Der Herr Brüderle hat gute Aussichten darauf, noch vor seinem Parteifreund Niebel zum Problembären der Bundesregierung zu werden. Die forschen Töne zur Causa General Motors und Opel passen weder in das dramaturgische Konzept der Bundeskanzlerin noch in das der Bundesländer mit Opel-Standorten (und schwarz-gelben Landesregierungen).
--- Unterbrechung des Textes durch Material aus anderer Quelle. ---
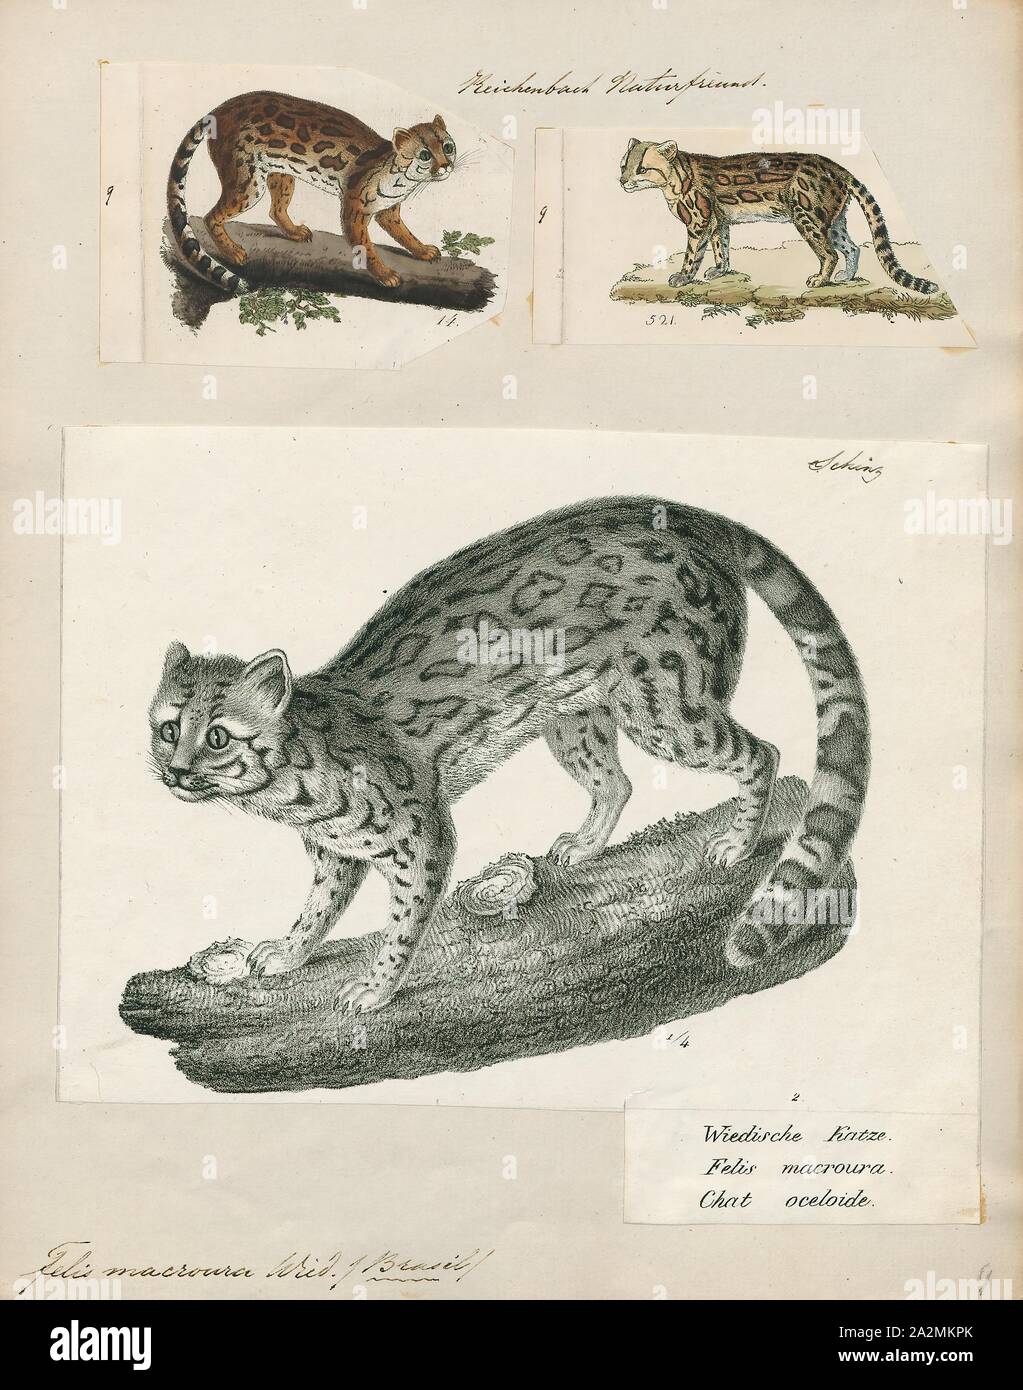 Felis macroura, Imprimer, Felis est un genre de petites et moyennes cat Felinae espèces indigènes de la plus grande partie de l'Afrique et au sud de 60° de latitude dans l'Europe et l'Asie à l'Indochine. Le genre comprend le chat domestique. La plus petite espèce felis est le chat à pieds noirs avec une tête et la longueur du corps de 38 à 42 cm (15 à 17). Le plus grand est le chat de jungle avec une tête et la longueur du corps de 62 à 76 cm (24 à 30). En 1700-1880, Banque D'Images

Die letzten Informationen zu dem FAZ-Artikel von Günter Bannas kamen gestern aus Düsseldorf, wo man sich besonders darüber freut, wenn man durch einen so weltklugen und welterfahrenen Pfälzer über den Lauf der Dinge und so weiter dampfplaudernd belehrt wird.

Dieser Blog hat sich zur Causa Opel-Rettung sehr zurückgehalten (abgesehen von einigen Opel-Podcasts der Bundeskanzlerin). Opel war Beispiel für komparative Rettungsprosa-Analyse.

Wir werden den Dampfplauderer systematischer beobachten. Seine Jungfernrede als Bundesminister wurde flächendeckend als enttäuschend bewertet: banal, uninspiriert, weit davon entfernt, eine Idee davon zu zeigen, was die wirtschaftspolitischen Herausforderungen unserer Zeit sind.